Nevertheless, work is a good thing. The Preacher tells us four things about God that apply to our work-a-day lives (Ecclesiastes 3:9–15):

First, work is God’s gift to us. “I have seen the business that God has given to the children of man to be busy with” (3:10). It is a gracious gift that causes us to spend our time on earth productive, honestly, and in a meaningful fashion.

Second, God has given us work for a good purpose. “He has made everything beautiful in its time” (3:11). Sometimes, when our work frustrates us, we need to remember that it is a thread in the divine tapestry of history. We may not see that beauty at the present moment, when we are tired of toil, but that does not mean the beauty does not exist.

Third, part of the purpose of work is to show us that there is more to life than work. “Also, he has put eternity into man’s heart, yet so that he cannot find out what God has done from the beginning to the end” (3:11). In other words, God gives us work—a hebel, a vanity, a thing that goes “Poof!”—to drive us to himself. In Mere Christianity, C. S. Lewis wrote, “If I find in myself a desire which no experience in this world can satisfy, the most probable explanation is that I was made for another world.” Precisely!

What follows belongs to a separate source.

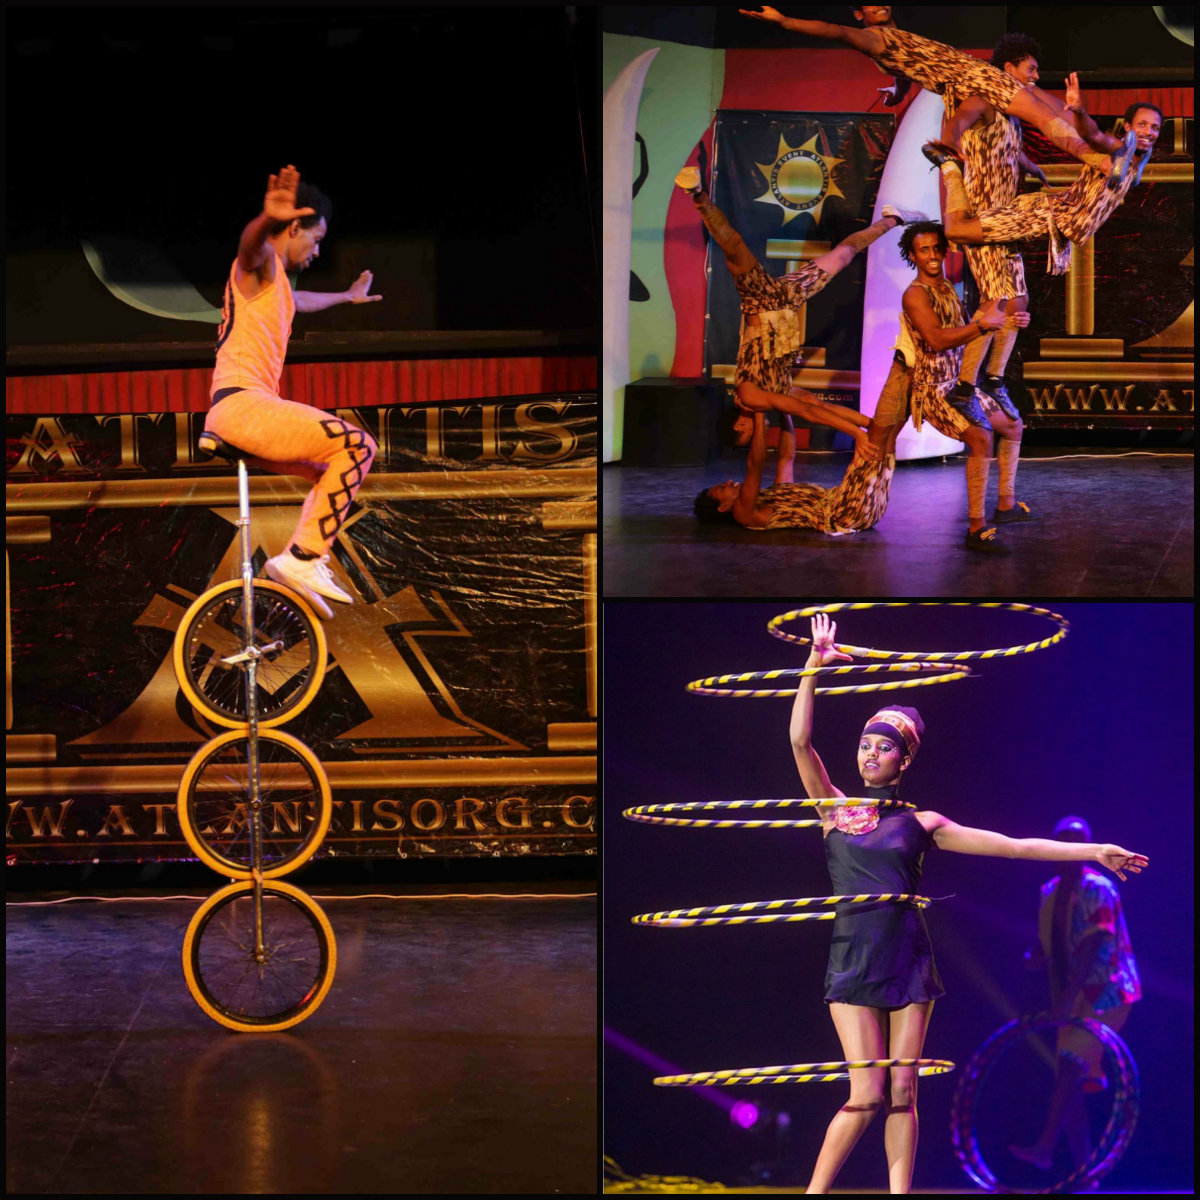 Цирки из Африки и Монголии в гостях у цирка «Браво» на Песах

So, fourth, while life lasts, we ought to take pleasure in the work God gives us. “I perceived that there is nothing better for them to be joyful and to do good as long as they live; also that everyone should eat and drink and take pleasure in all his toil—this is God’s gift to man” (3:12, 13). Work may frustrate us; it may not be the source of our ultimate happiness—which is God alone—but it can be a penultimate joy.

The Preacher’s theology of work is a healthy tonic for the overworked American soul. I think many of us place far too much value on what we do, looking to work to fill a spiritual void that in reality only God can fill. Is work good? Yes. Is work frustrating? Often. Is that the way God planned it? Absolutely. He uses good, but frustrating, experiences to show us our need for him. He uses the time we spend on earth to direct our thoughts to eternity. Everything under the sun is vanity, the Preacher endlessly reminds us. But God is not. “I perceived that whatever God does endures forever…so that people fear before him” (3:14), i.e., approach him with extreme reverence and awe.

So, what do we workers gain from all our toil? God, if we are paying attention and letting him accomplishes his purposes through our work.